The formula involves mass, gravitational acceleration, and the drag coefficient, which itself is a function of the object's shape and the fluid's density. This is why Felix Baumgartner's supersonic freefall from the edge of space, where air was extremely thin, could reach speeds exceeding the speed of sound, a velocity unattainable at sea level.
Understanding Object Acceleration: The Role of Drag and Square Velocity in Physics
Real-world scenarios, such as a skydiver deploying a canopy, involve a dynamic transition where the increased surface area and drag cause an immediate and dramatic decrease in speed. A streamlined body, like an arrow or a skydiver in a head-down position, cuts through the air efficiently, presenting a lower drag coefficient and achieving a higher terminal velocity.

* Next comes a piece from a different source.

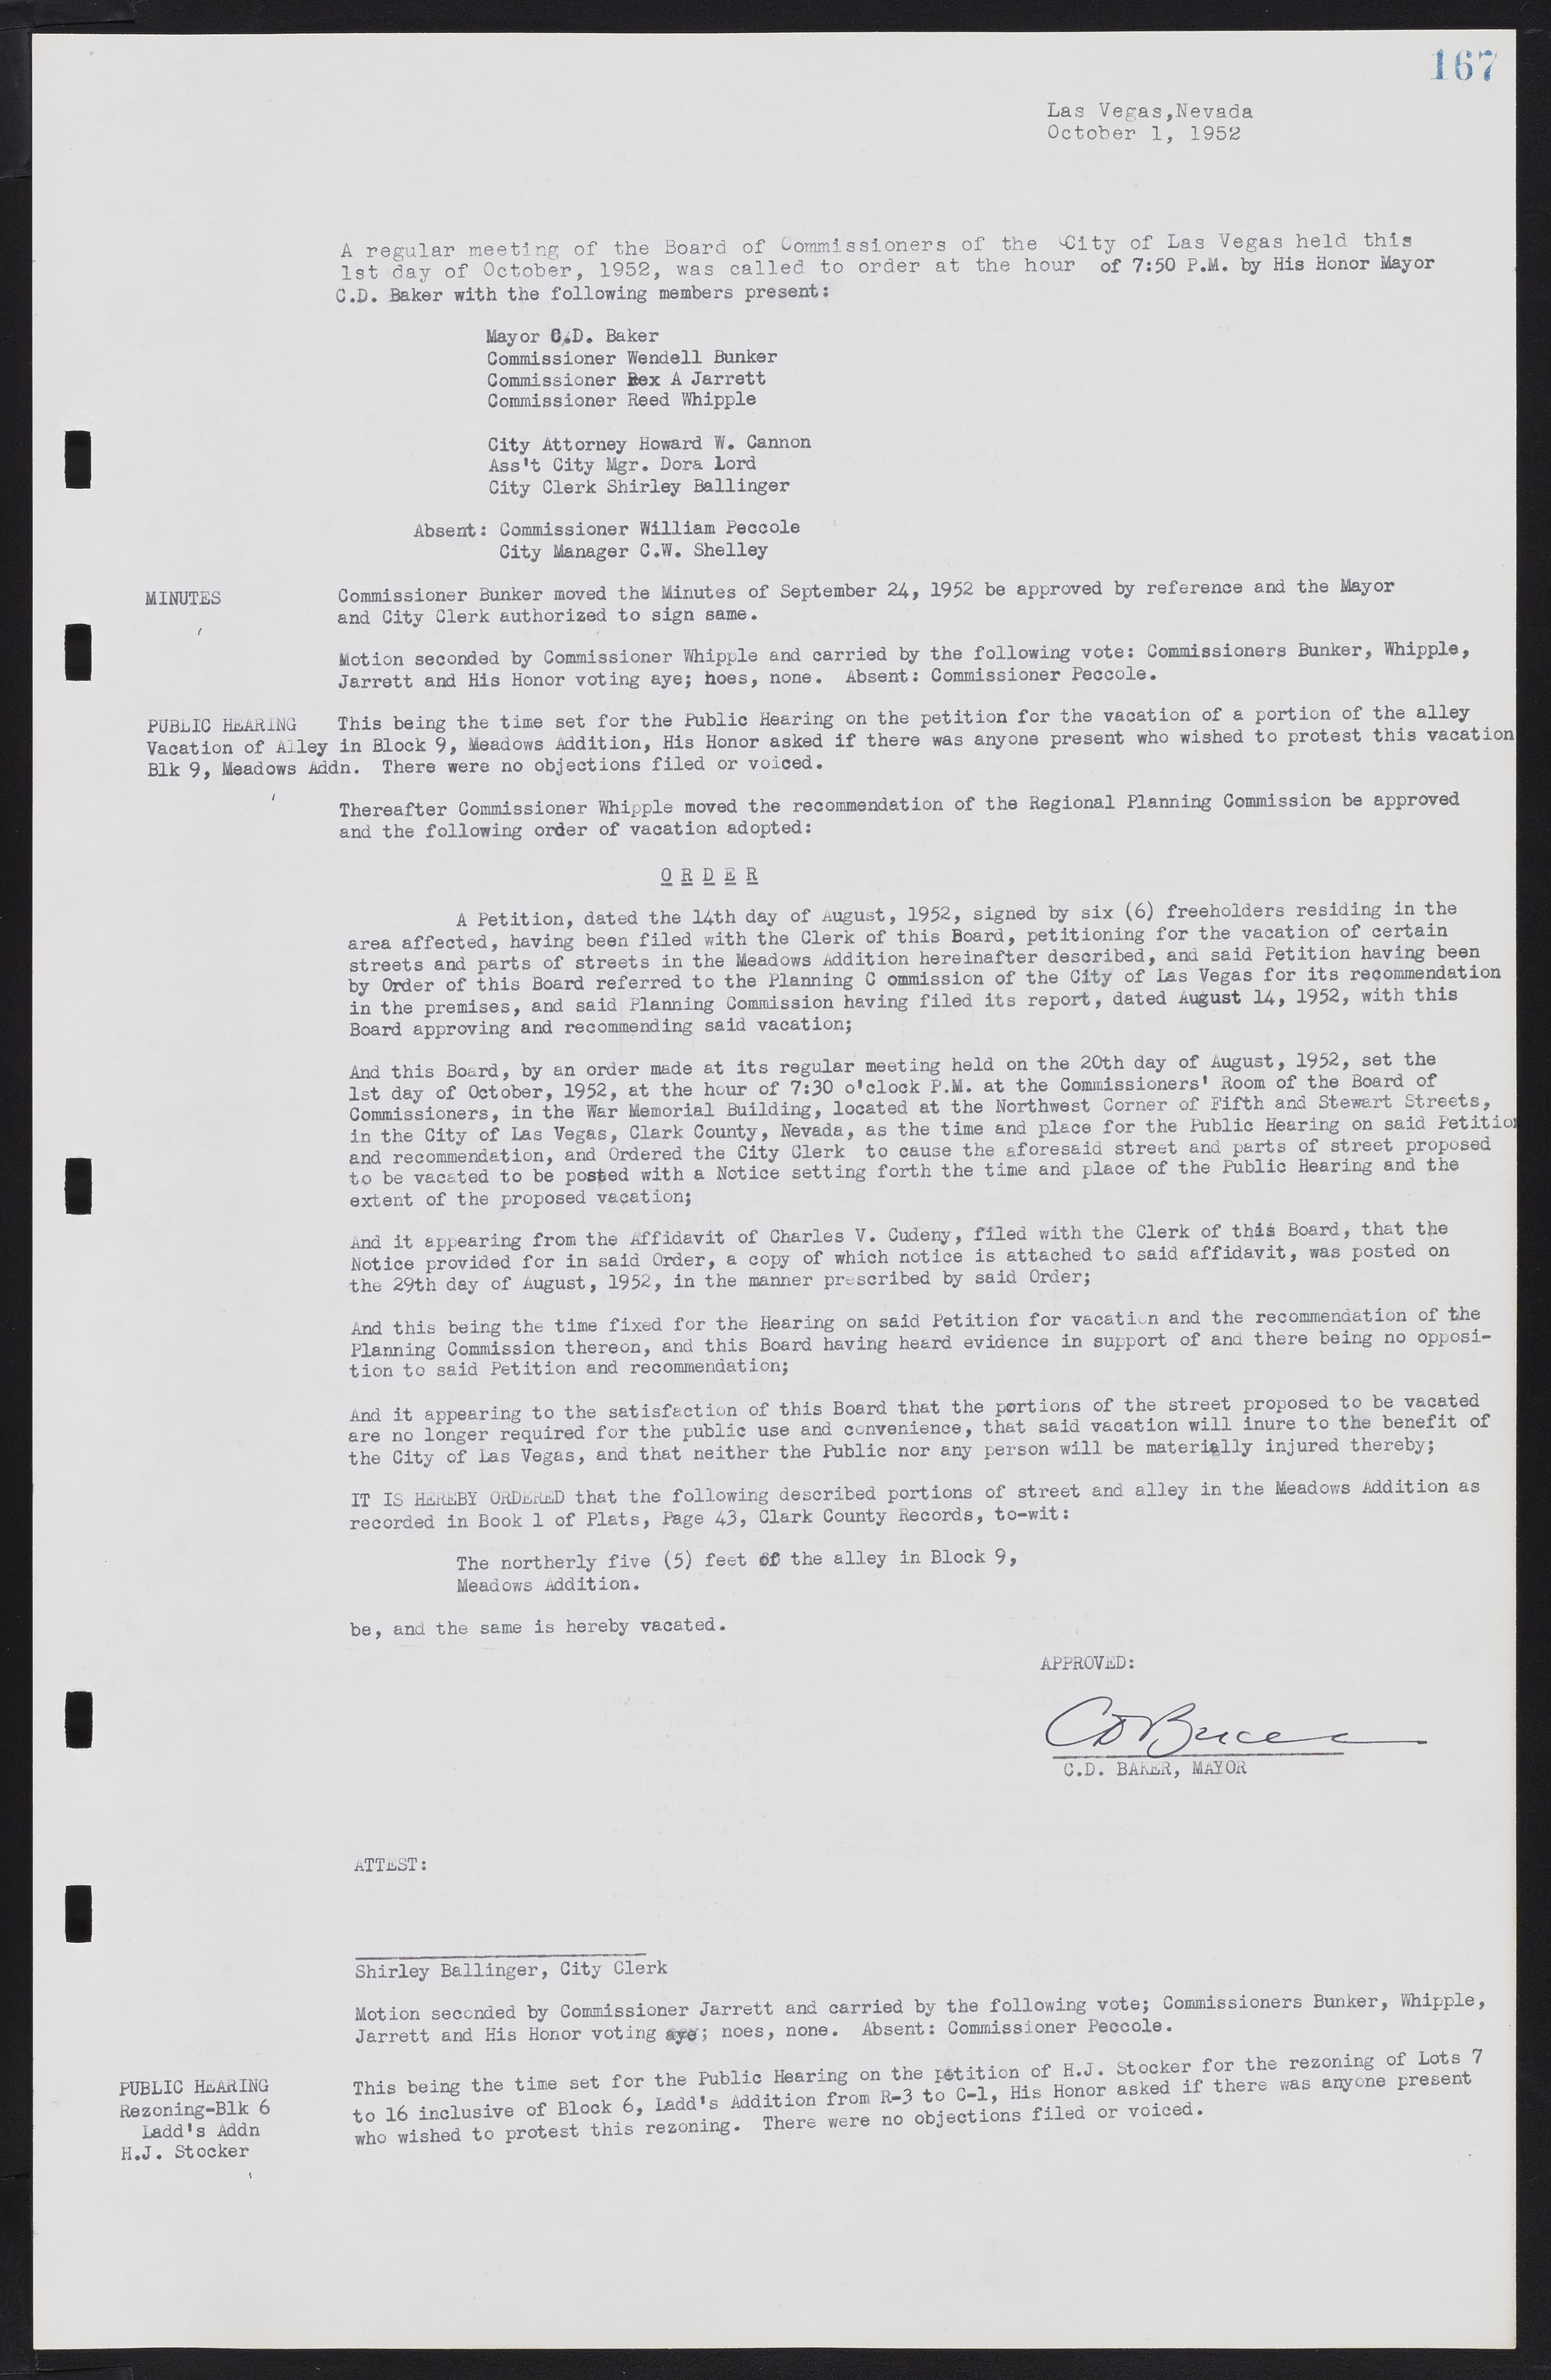 Las Vegas City Commission Minutes, May 26, 1952 to February 17, 1954, lvc000008-181

As an object accelerates from rest, air resistance, or drag, increases proportionally to the square of its velocity. Understanding this concept requires examining the intricate relationship between gravitational force, air resistance, and the physical properties of the falling object.
Understanding Object Acceleration, Drag, and Square Velocity Physics
5 ~1 Raindrop (4mm) ~9 ~20 Practical Applications and Examples This physical phenomenon is not merely a theoretical exercise; it has profound implications in various fields. Object Approximate Terminal Velocity (m/s) Approximate Terminal Velocity (mph) Human (spread position) 50-60 112-134 Human (head-down) 240-300 540-670 Feather ~0.
More About Terminal velocity physics
Looking at Terminal velocity physics from another angle can help expand the discussion and give readers a second clear paragraph under the same section.
More perspective on Terminal velocity physics can make the topic easier to follow by connecting earlier points with a few simple takeaways.